Monday, September 24, 2012

River Gateway

MONDAY! I’m so tired physically! I’m not sure why, but I’m especially tired today. I just woke up this morning, wondering when this cycle is going to be over. When this job is going to no longer serve me. I feel and sense that it no longer does. I had so many experiences...more on that later...but I really feel as though I’ve moved on from the job but it hasn’t physically manifested yet and I’m wondering if this means I’m not doing enough to change.
I have received multiple messages of what must be done. Right now I am in a stage of transitioning. I have experienced much of this and it’s just that the physical takes a bit of time to follow. I will tell you what happened yesterday.
My Twin Flame and I took a hike in the woods. It was so amazing. The energies were so perfect, pure, smooth, and heightened. I felt like I was in a vortex of energy. It was amazing. We sat on a bridge and just watched the water pass under our feet.

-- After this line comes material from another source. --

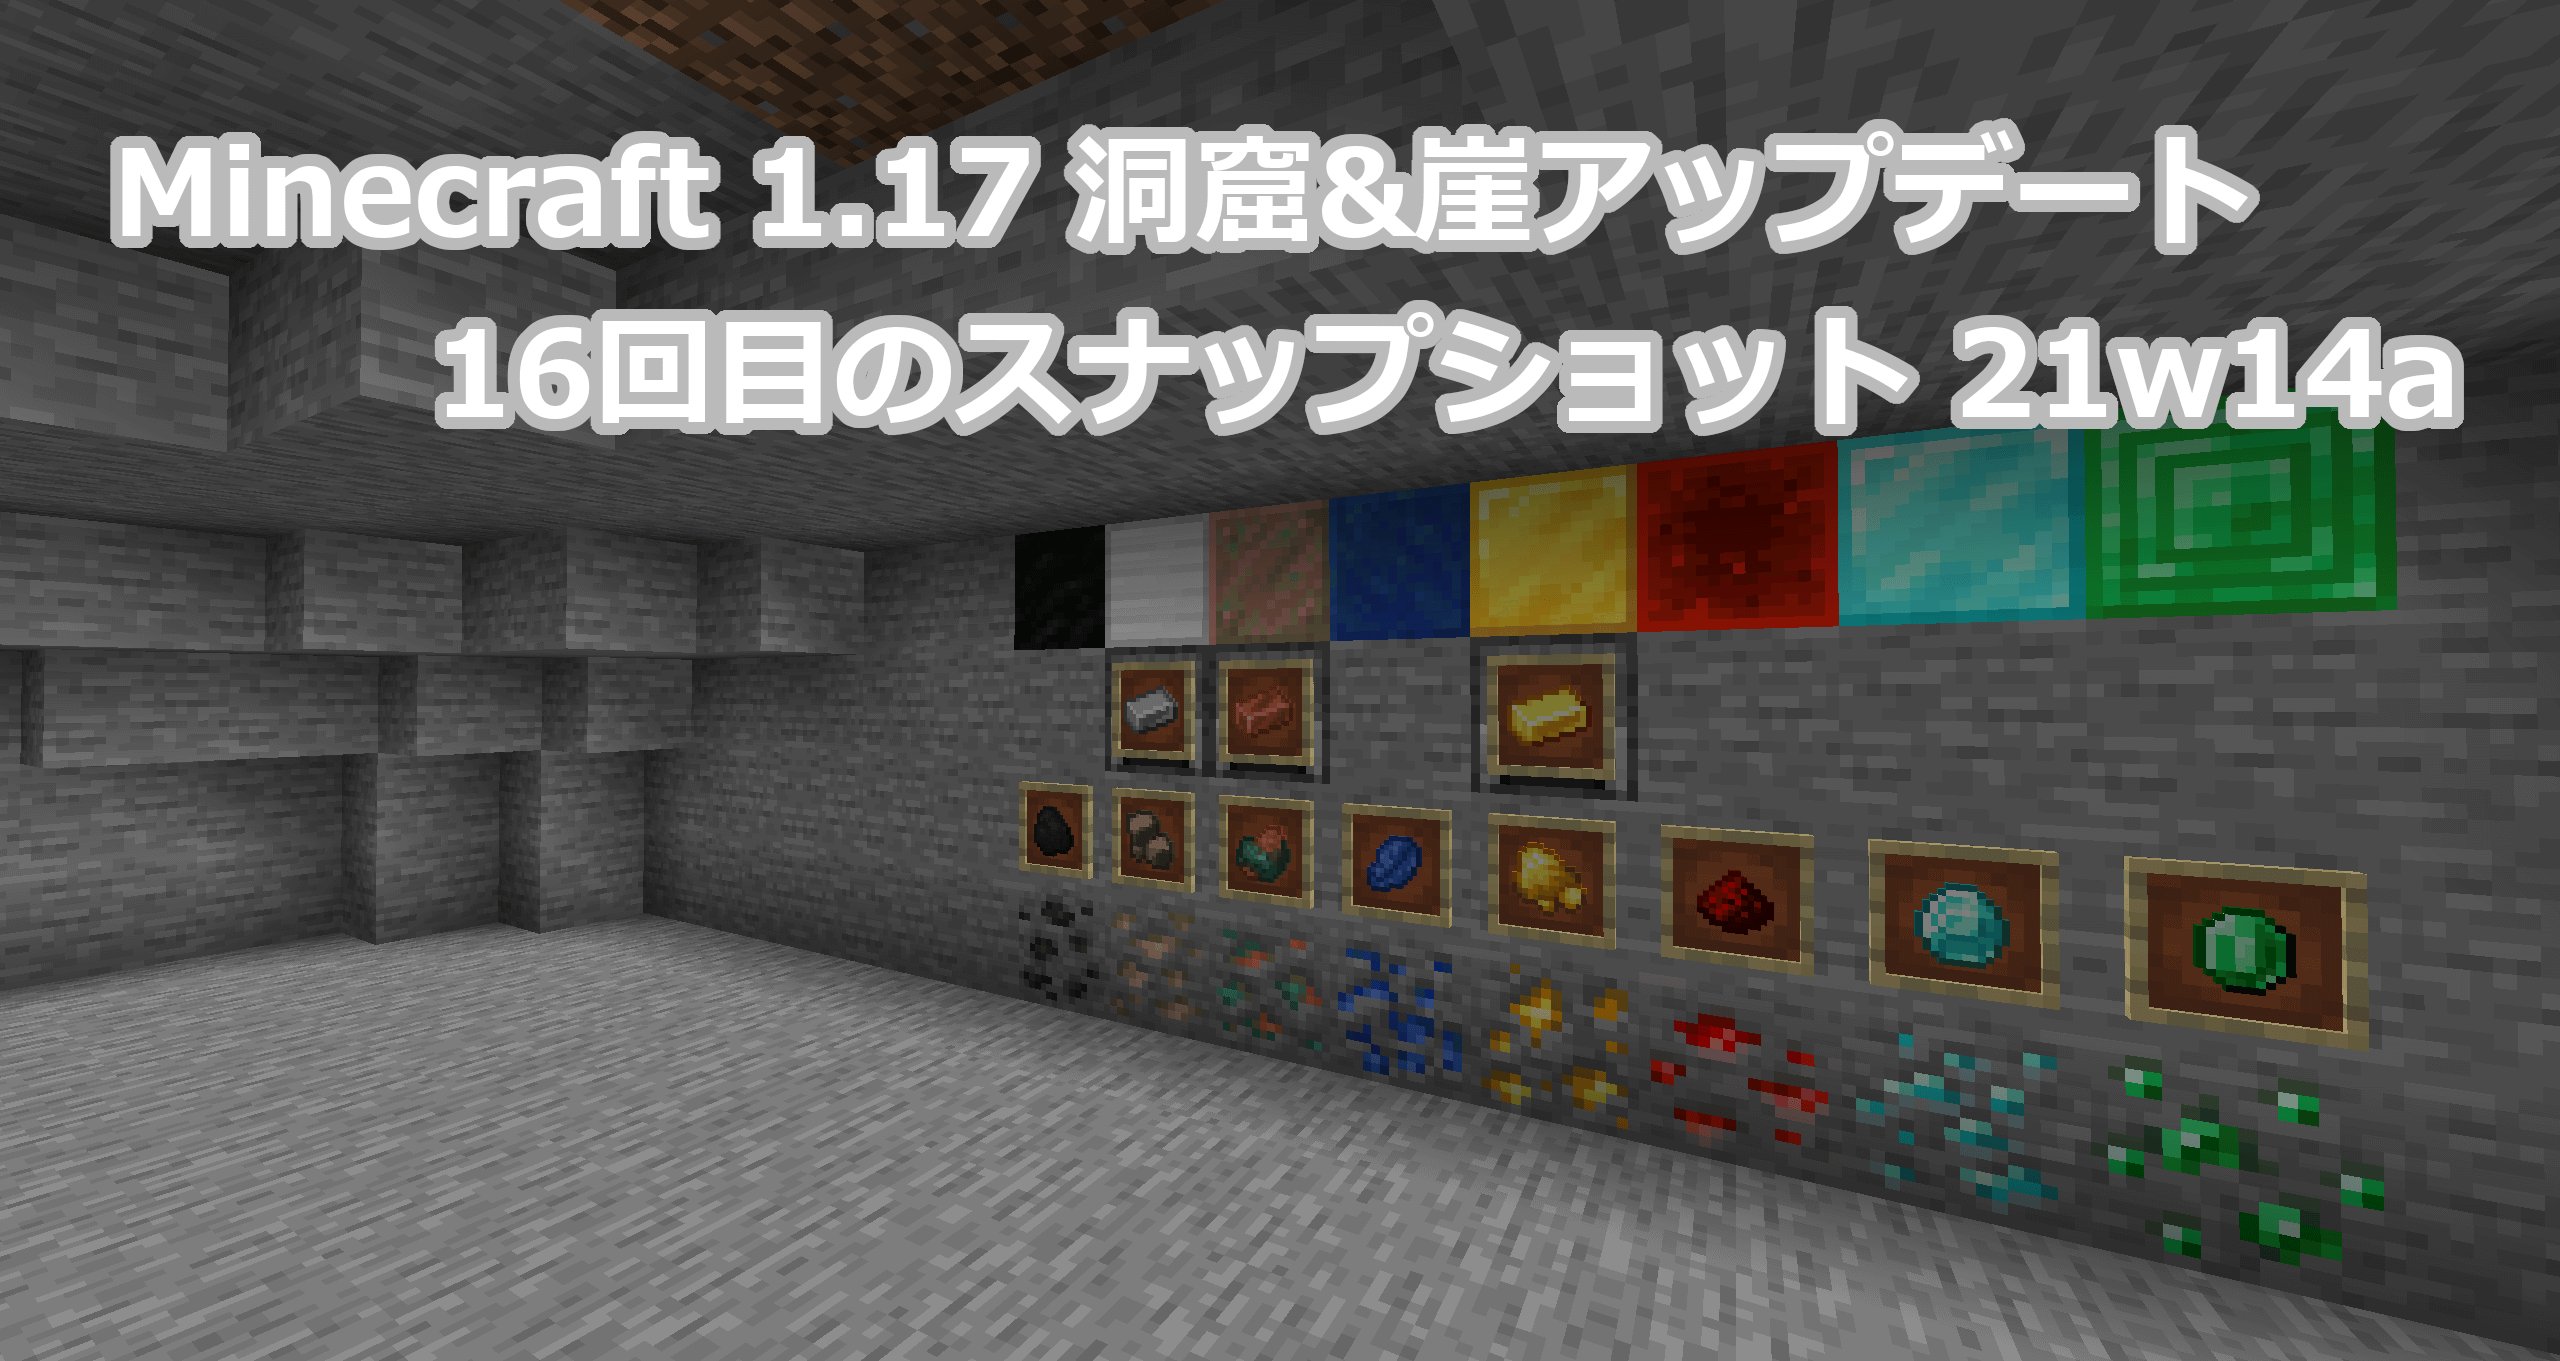 Minecraft 1.17 16回目のスナップショット21w14aリリース情報｜鉱石の原石追加で鉱石の入手ルートを統一

It was so relaxing and necessary for the cleansing. Beautiful!
Afterwards we walked further through the woods and just made our own path. Everything was in divine order, we were just existing and enjoying nature and pure being. There was a moment when we were crossing over one of the many rivers. I looked into the water and I just felt this need to pause. I thought “This river is full of energy and crossing this river is like crossing through a gateway.” I thought about how running water is super-charged and imagined myself passing through a light gateway. Then I closed my eyes and I felt myself in the presence of the many and the essence of the river and the spirit of nature. They were nature beings I suppose. I felt the tears of joy coming down my cheeks. I felt myself being lifted up and also light coming through my crown chakra. I felt this overwhelming joy. I was being enveloped by light and they told me that I was meant to have come to their forest. I was meant to be there, that it was all happening in divine timing and that I needed to have faith. They told me that I was needed there. They told me that I was “exactly where I needed to be.” They were basically just reassuring and cleansing me of any doubt or negativity. My mind was going, but I was rooted in place and I was basking in this glow. It was so powerful, I felt as though I was no longer in my body, the body felt very heavy and distant. Yet I was still in it. I experienced it in the body, and yet I would describe it as an out-of-body experience. I felt very, very empowered. I’m not sure how long it lasted, but my eyes opened by themselves and I was just told to walk and continue.
My body was moving, but I was not guiding it. I was slowly returning back, but my eyes had already opened and my body had already begun to move. I was trying to hang onto that experience and not lose it.
I think that’s why I felt the need to not go to work today. I feel as though I have moved on, but the body continues to go to work. It’s interesting. I can’t say I was resistant to it, because it’s not the same. It’s not the same kind of feeling b/c it almost feels on the surface and not how I really feel. Whereas before, I did feel that it mattered. I do not feel as though it “matters” I just notice there is an inbetween. In other words, the body is acting in the old and the spirit is acting in the new and somewhere between is the mind. It hasn’t completely followed because it is still thinking it needs to go to work, make money, etc. The inner knowing is calm and at peace and I feel very much connected to that infinite peace. Strange right?
I can’t say it’s strange either, the strange is still on the surface and does not really affect me. I can’t really describe it.
I do know that I am kind of operating from the space in between. I have not yet received guidance on what the physical manifestation of all of this will be, however I feel the change is approaching. I did not know what I will be guided to do, however I did receive this message. The Message was from the cards that BDivine read. She said that it is the time for change, that you would need to let go and to cut ties, but that all I needed to do was to cut ties from within and then this would open up the pathway. Whatever way she said this exactly, I began to cry and I knew this to be the truth and this to be the divine guidance. Once I have truly cut ties emotionally, mentally, then it can finally make way for the physical.
This cutting of ties has been going on for some time. I have already lost that roller coaster emotion based on what is happening with my job. I no longer have that. I am not invested in it. When I leave, I do not think about it or worry about it. I just have no desire. She also said, the more I think about it, the more I try to work out what is going to happen and how it is going to unfold, the more energy I am putting towards it. I started doing that this morning, trying to figure out what my next move is going to be. Don’t buy into that. You only need FAITH. That is all. You may have the FAITH that everything is going to work out in divine timing.
Now connecting back to my experience in the woods, they were there to comfort and reassure you. Everything is as it should be. You are there for that message, you are there for many more. You are connected and will always be connected.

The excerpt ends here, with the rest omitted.